On June 30, 2020, pursuant to that certain Transaction Agreement (the “Transaction Agreement”), dated as of December 19, 2019, as amended on April 28, 2020 and as further amended as of June 22, 2020, among the Registrant (formerly known as IAC/InterActiveCorp, a Delaware corporation (“Old IAC”) and now known as Match Group, Inc. (“New Match”)), IAC Holdings, Inc., a Delaware corporation (now known as IAC/InterActiveCorp (“New IAC”)), Valentine Merger Sub LLC, a Delaware limited liability company, and now known as Match Group Holdings II, LLC, and Match Group, Inc., a Delaware corporation (“Old Match”), among other things, (i) the businesses of Old Match were separated from the remaining businesses of Old IAC through a series of transactions, whereby New Match retained the businesses of Old Match and certain Old IAC financing subsidiaries, and (ii) the pre-transaction stockholders of the Registrant and Old Match (other than Old IAC) own the outstanding shares of common stock of New Match and the pre-transaction stockholders of the Registrant own the outstanding shares of common stock of New IAC (the “Separation”).

 

As a result of the Separation, the Registrant is terminating all offerings of its securities pursuant to the Registration Statements.

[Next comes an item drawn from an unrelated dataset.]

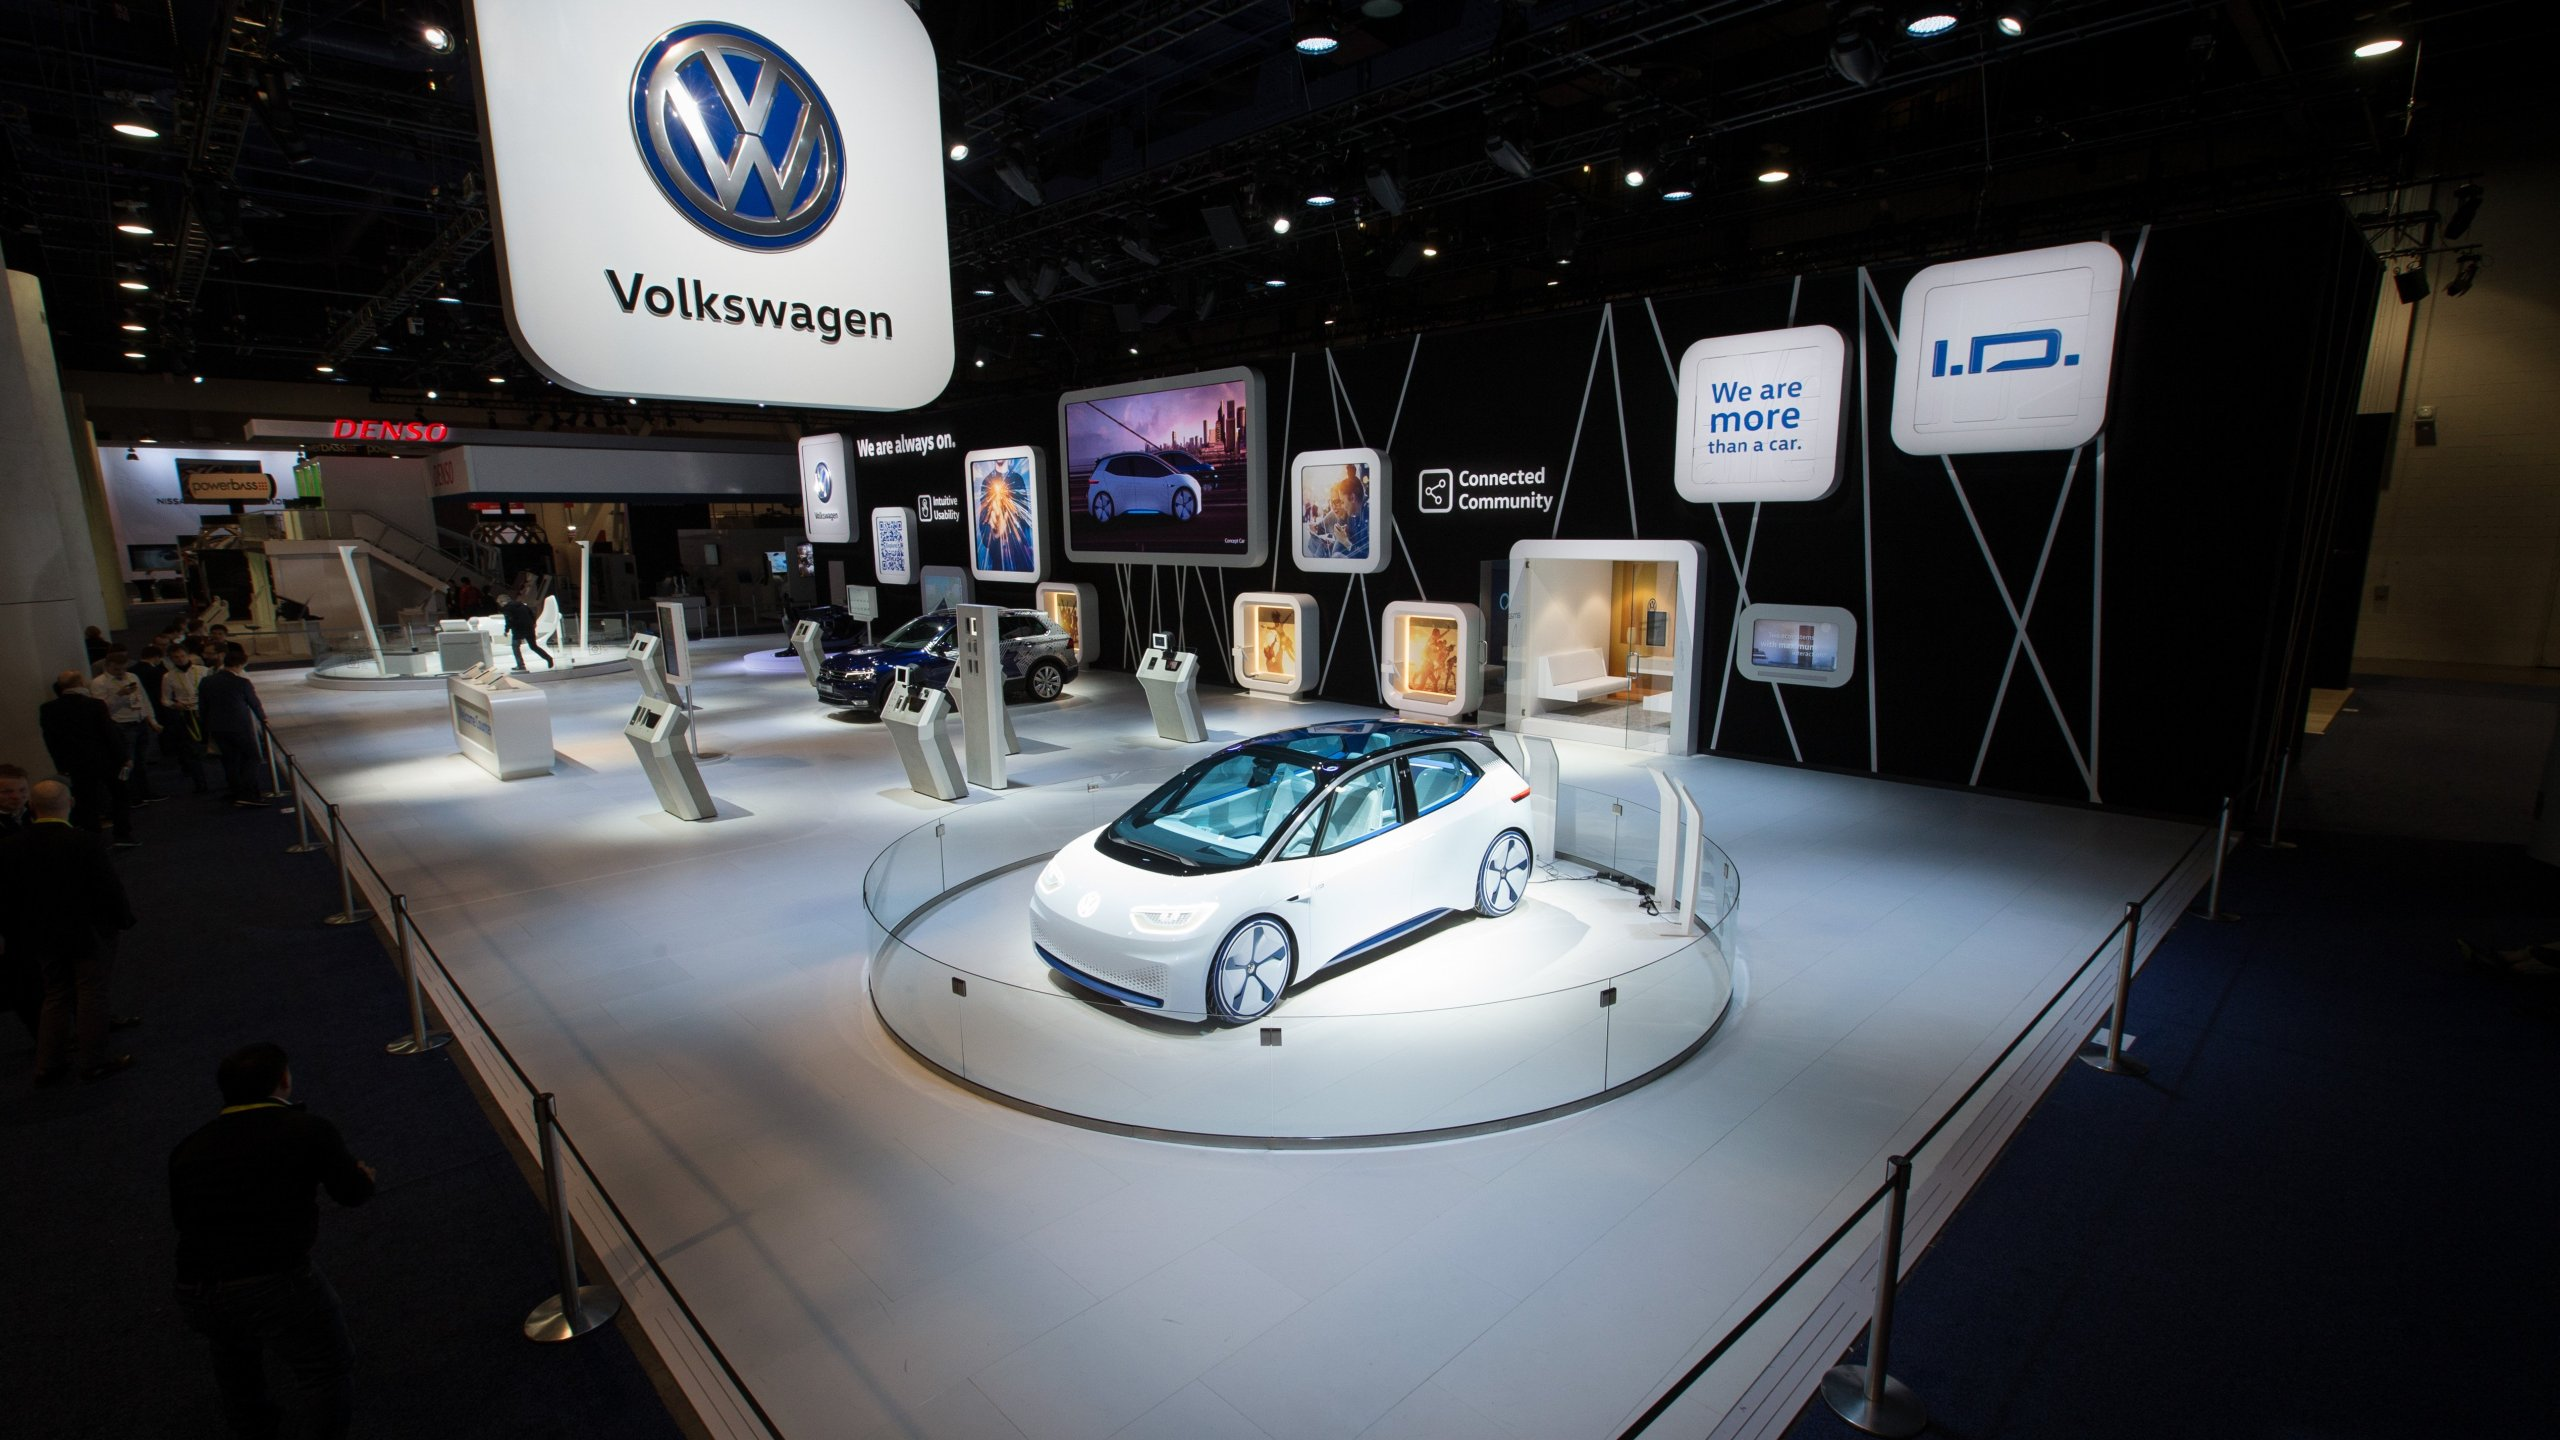 A Volkswagon car at CES in 2017. (Credit: Friso Gentsch/Volkswagen)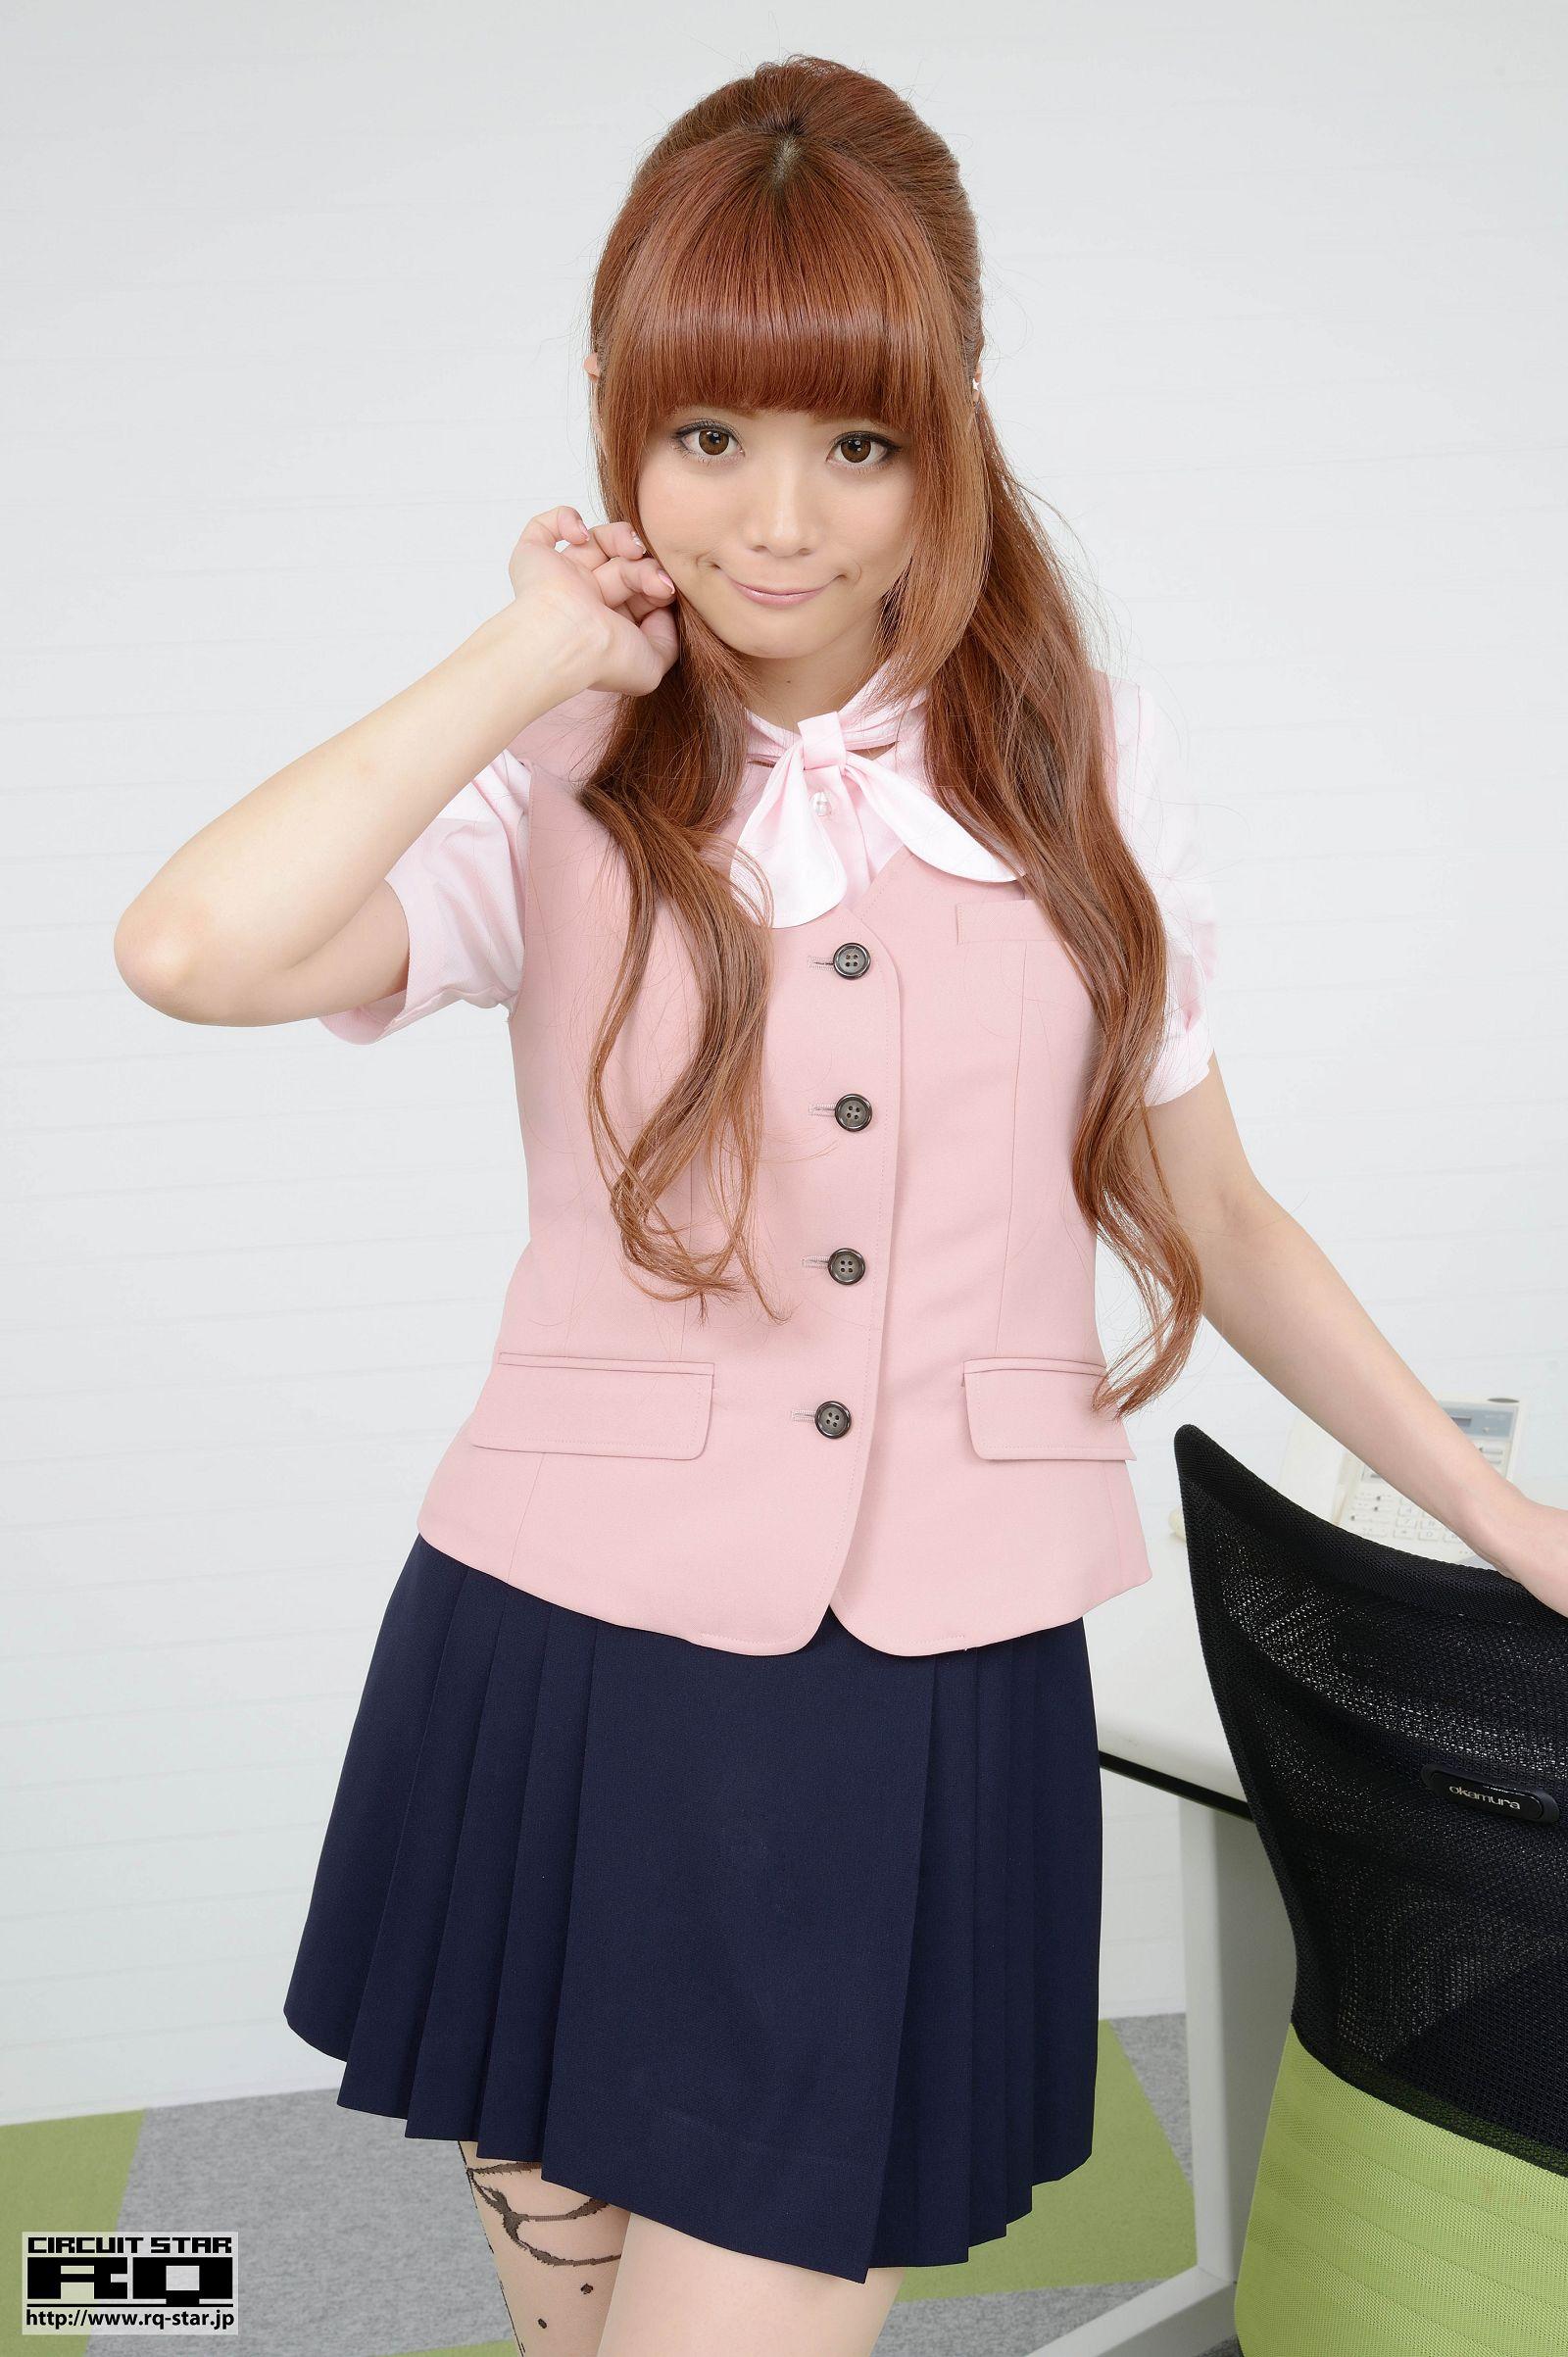 [RQ STAR美女] NO.00832 Aine Sayuka 朔矢あいね Office Lady[120P] RQ STAR 第2张

The Registrant, by filing these Post-Effective Amendments to the Registration Statements pursuant to Rule 478 under the Securities Act of 1933, as amended, hereby terminates the effectiveness of the Registration Statements and removes from registration any and all securities registered but unsold under the Registration Statements as of the date hereof. This filing is made in accordance with the undertakings made by the Registrant in the Registration Statements to remove from registration by means of post-effective amendment any of the securities that were registered which remain unsold as of the date hereof. The Registration Statements are hereby amended, as appropriate, to reflect the deregistration of all such securities.

 

 

 

 

SIGNATURES

 

Pursuant to the requirements of the Securities Act of 1933, the Registrant certifies that it has reasonable grounds to believe that it meets all of the requirements for filing on Form S-8 and has duly caused these Post-Effective Amendments to the Registration Statements to be signed on its behalf by the undersigned, thereunto duly authorized, in Dallas, Texas on July 1, 2020.

 

  MATCH GROUP, INC.
   
   
  By: /s/ Jared F. Sine
    Name: Jared F. Sine
    Title: Chief Legal Officer and Secretary

 

No other person is required to sign this Post-Effective Amendment to the Registration Statements in reliance upon Rule 478 under the Securities Act of 1933, as amended.